A satirical portrait of a bureaucratic provincial realm that maps its social life onto administrative landmarks and institutions—prefecture, treasury, military subdivision, bank, main street, promenade, clubs, cafés, and station—and divides inhabitants into noblesse, military, commerce, and civil servants. It dissects petty hierarchies, jealousies, ceremonial privileges (notably the power of chiefs of service) and the local obsession with proximity to the capital, and supplements the satire with fifteen graded conversational dialogues and a theatrical exercise illustrating typical social situations.

VI. — Pour aller à la Préfecture

— On vous verra au bal de samedi, à la Préfecture ?

— Mon mari ne saurait s’en dispenser, en sa qualité de chef de service.

— Vous vous rappelez, l’an dernier, quelle cohue…

— C’est le fait de tous ces grands bals officiels, on est obligé d’inviter des tas de monde, et tout le monde se croit obligé d’y aller.

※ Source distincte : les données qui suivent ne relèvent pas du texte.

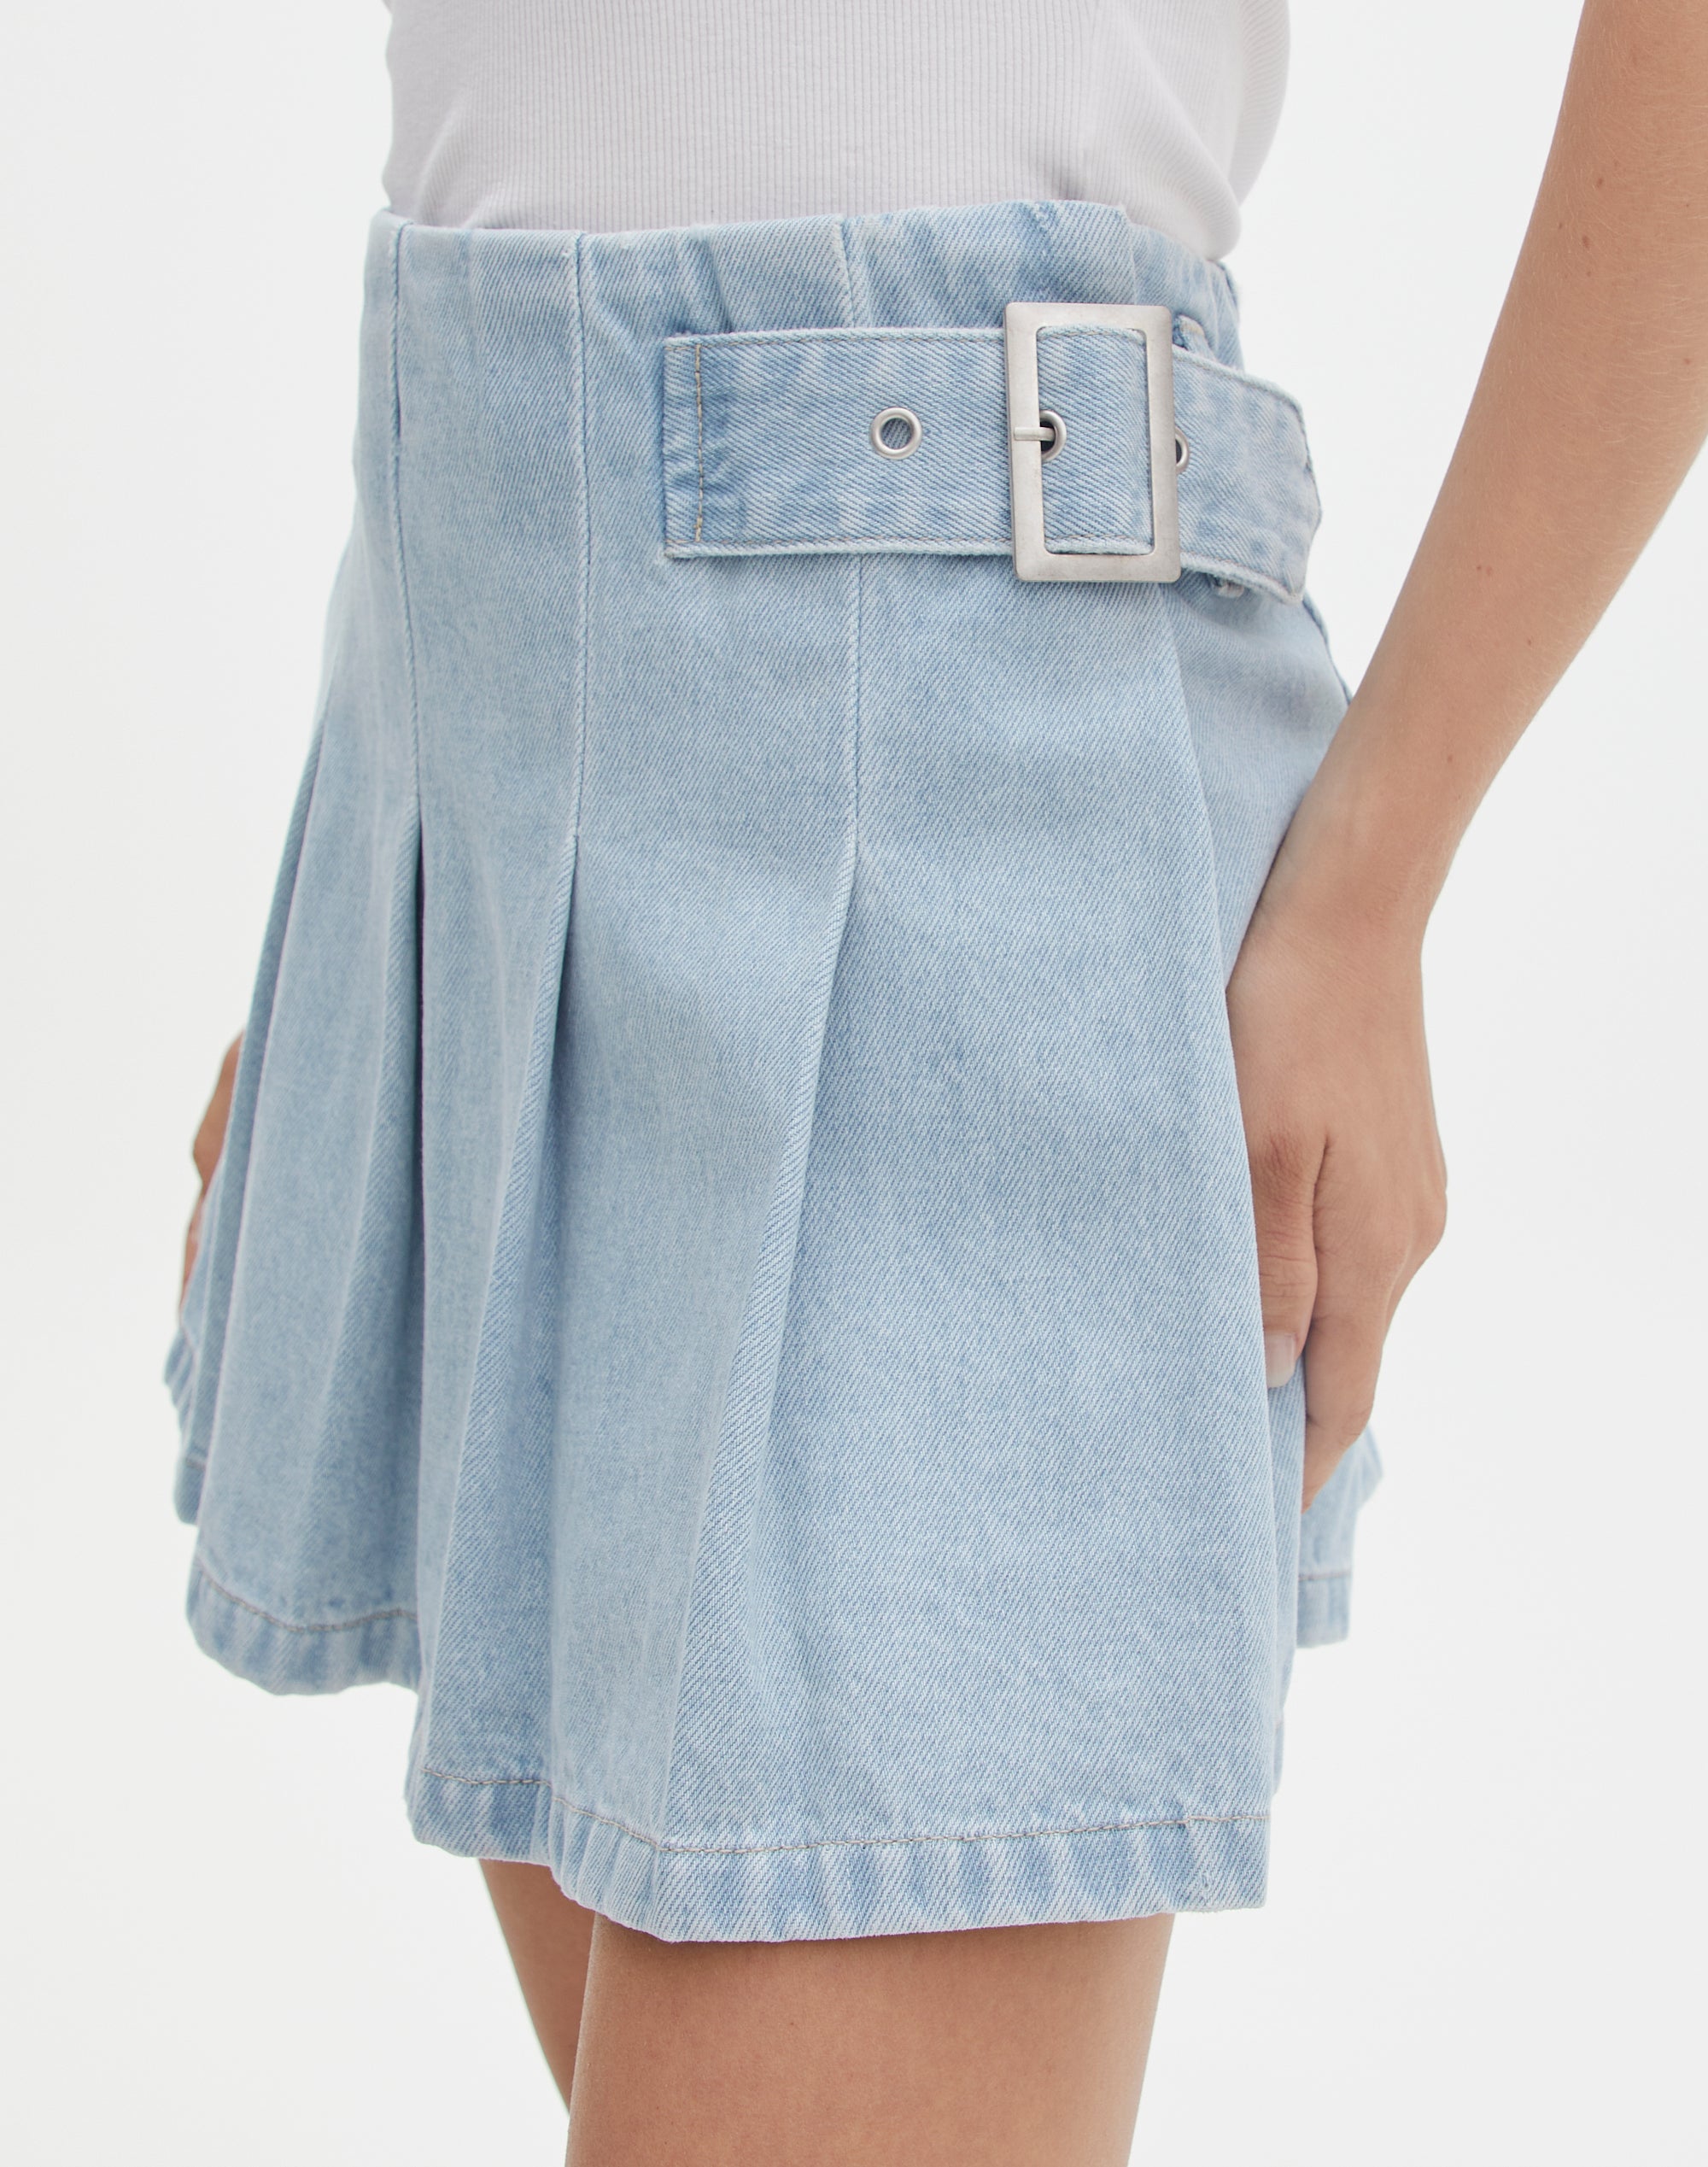 Plus Size Denim Skirt With Ruffles, High Waist Bottom, And Pleated Micro  Mini Skater For Women Casual And Stylish Jurken Denim Pleated Mini Skirt  From Baonuan, $17.84 | DHgate.Com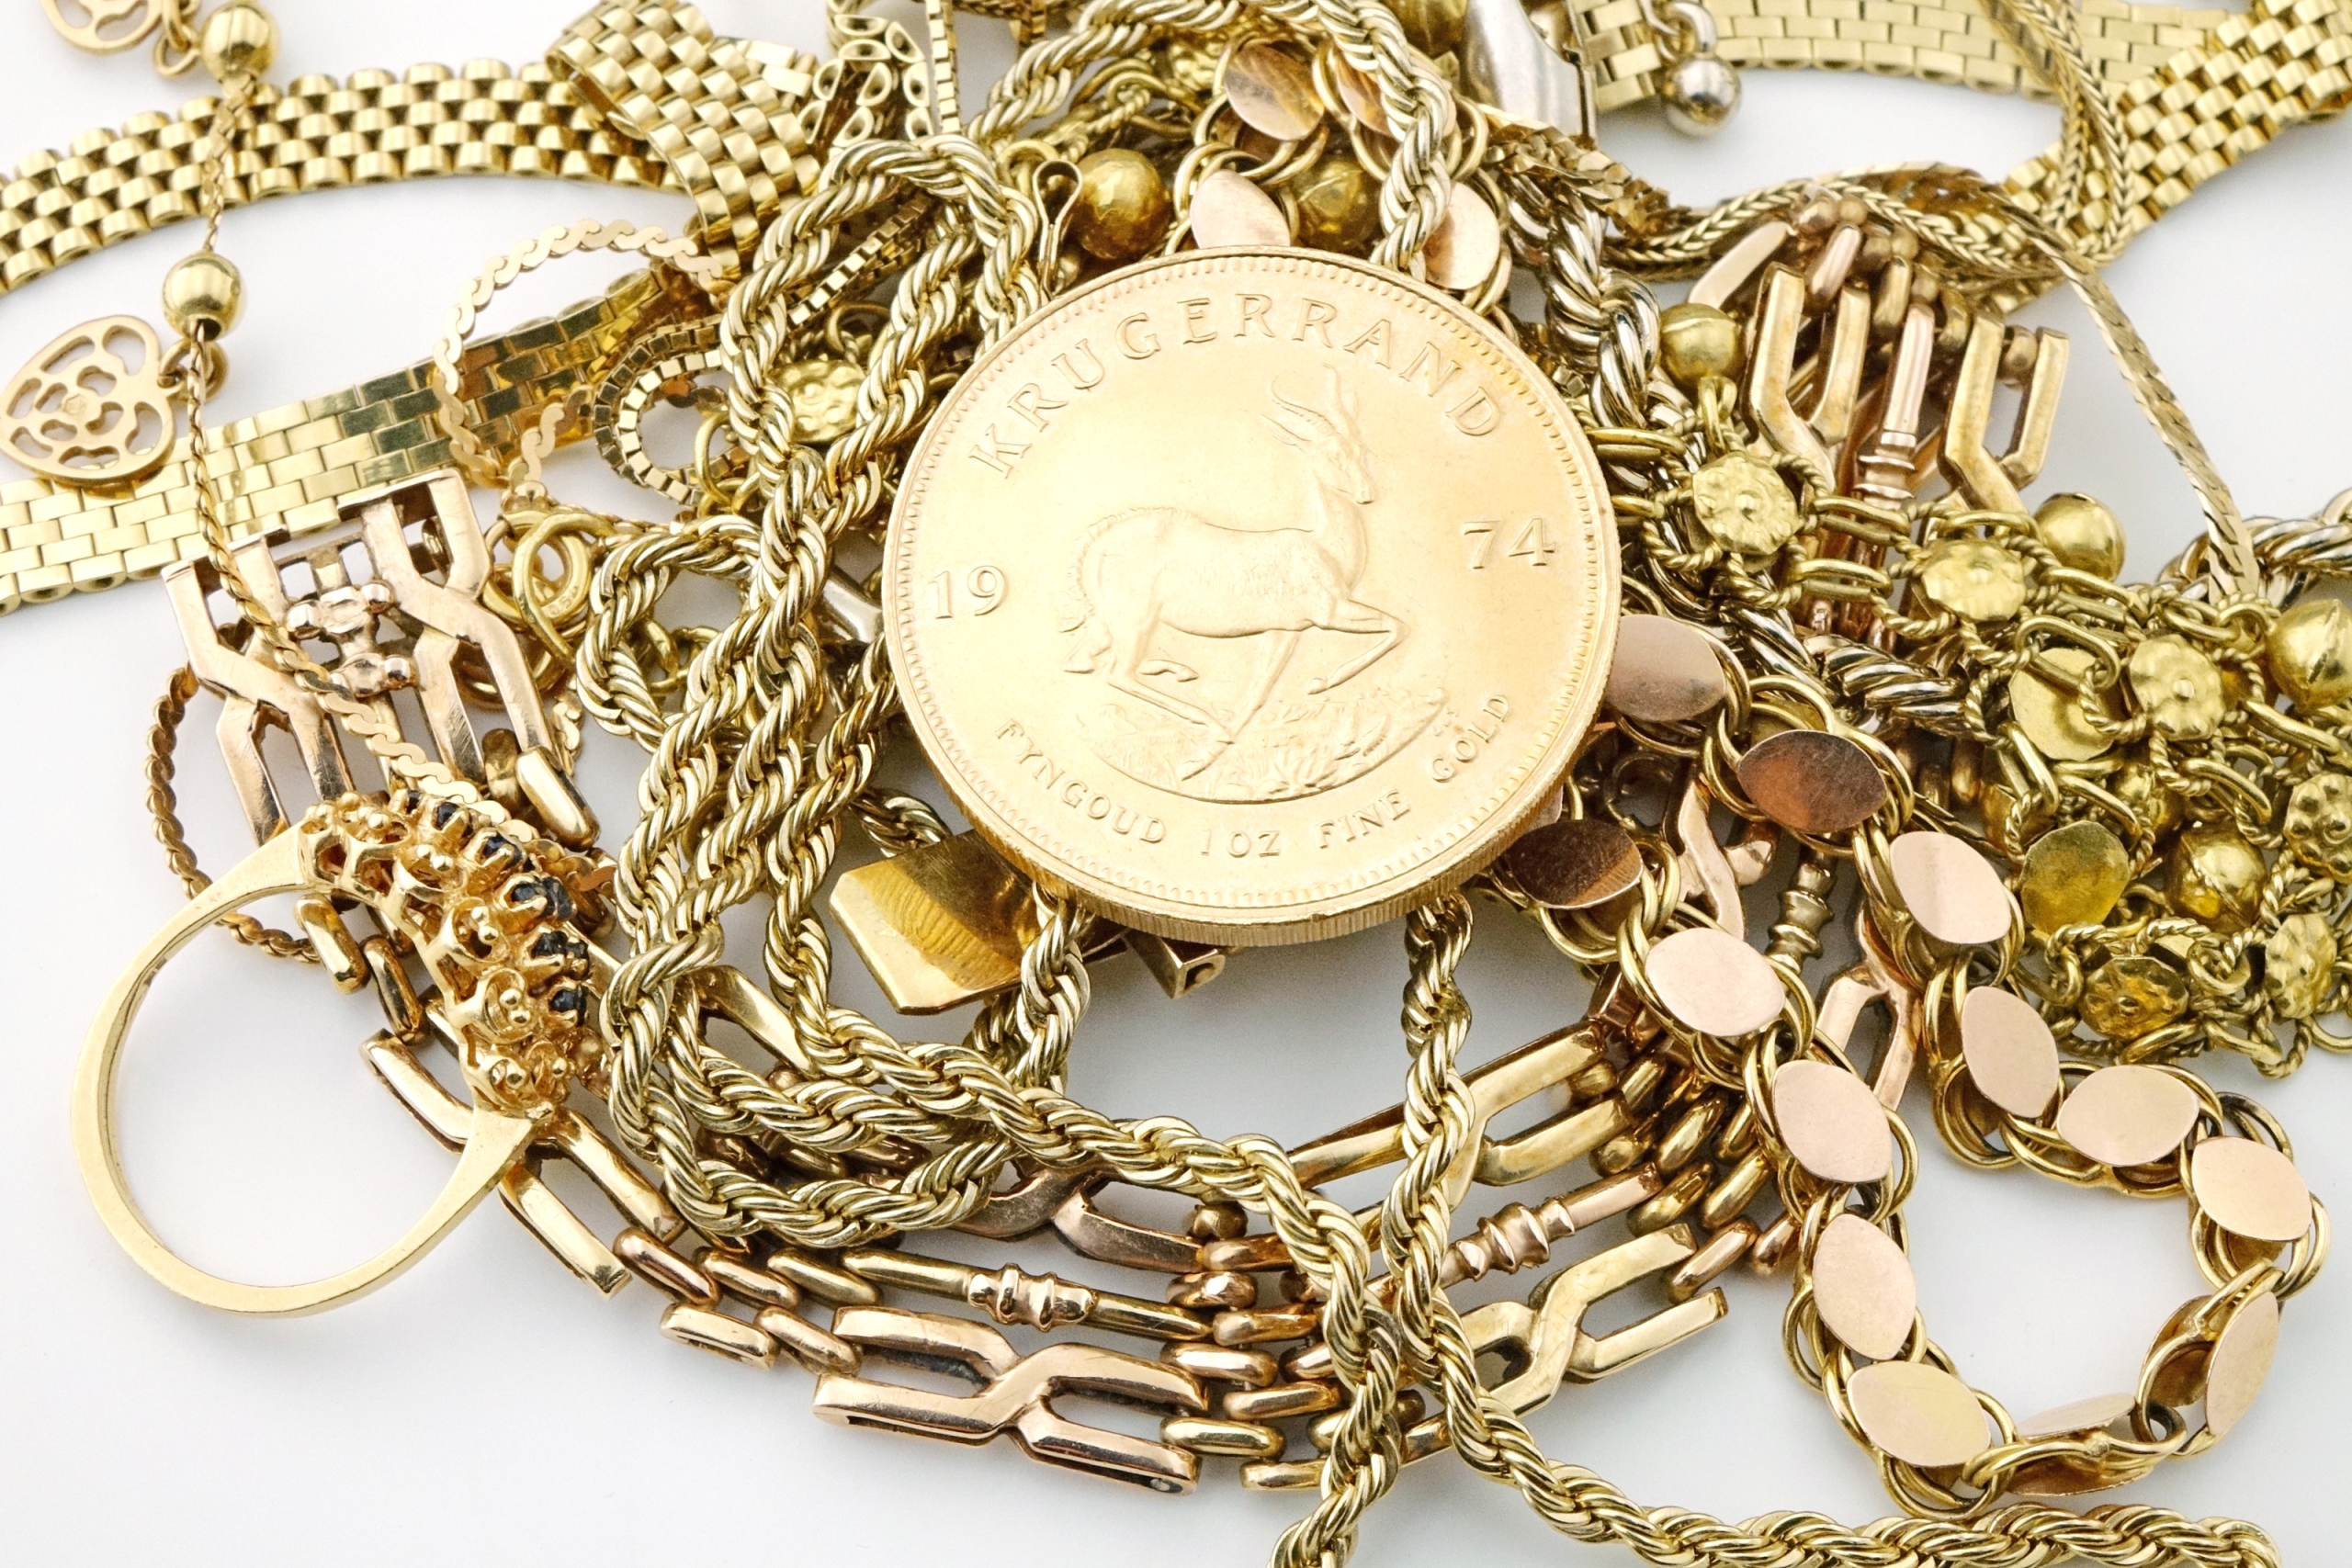 Bootie's Pawn and Jewelry pays top dollar every day for used, broken and unwanted gold jewelry.

— Oh ! nous, nous y allons surtout pour le coup d’œil…

— Mme Bouton s’est commandé une toilette exprès à Saint-Étienne.

— Alors nous verrons aussi le beau Lambert ?

— Il paraît qu’il y aura des accessoires de cotillon qui sont des merveilles.

— Vous vous souvenez des lanternes, à la Trésorerie ?

— M. Rubillet m’avait donné la sienne, cela m’en a fait quatre, avec celle de mon mari, et une autre qu’on avait laissée sur une chaise.

— Et Mme Chamoix et ses rubans de bergère, que lui avait mis le petit Richard…

— Vous trouviez ça drôle ? Moi, je trouve ça inconvenant.

— Cette grosse femme qui persiste à danser comme une jeune fille…

— D’autant que ces messieurs se croient obligés de la faire danser, et il y a de pauvres jeunes filles qui restent sur leur banquette.

— Le nouveau colonel est très bien avec la Préfecture.

— Il faut reconnaître ceci en faveur des officiers, c’est qu’ils ne ménagent pas leurs jambes.

— Nos jeunes gens ne dansent plus, un genre qu’ils affectent…

— Comme dit mon mari, ce sont les vieux qui sont forcés de donner l’exemple.

— M. Ballot n’est pas encore dans la catégorie des vieux.

— Il a toujours adoré la danse ; d’ailleurs, comme je lui dis quelquefois en plaisantant : Sans cela, je ne t’aurais pas épousé !

— Je crois que le préfet fera très bien les choses.

— On ne se figure pas ce qui se gaspille dans ces soirées-là !

— On a bien des commodités pour recevoir, dans une Préfecture, que l’on n’aurait pas ailleurs.

— N’empêche, je trouve qu’une préfète a joliment du mérite.

— Qu’est-ce que vous voulez, ils sont payés pour ça.

— Savez-vous s’il y aura un buffet, ou si l’on passera des plateaux ?

— Au fond, cela revient aussi cher, mais ce sont toujours les mêmes personnes qui vont au buffet, tandis que, les plateaux, tout le monde peut en prendre.

— Je mange toujours très peu, en soirée, et je ne bois que du champagne, c’est un principe absolu.

— On parle d’un souper par petites tables ?

— Il faudra nous arranger pour être ensemble, on tâchera de ne pas s’ennuyer.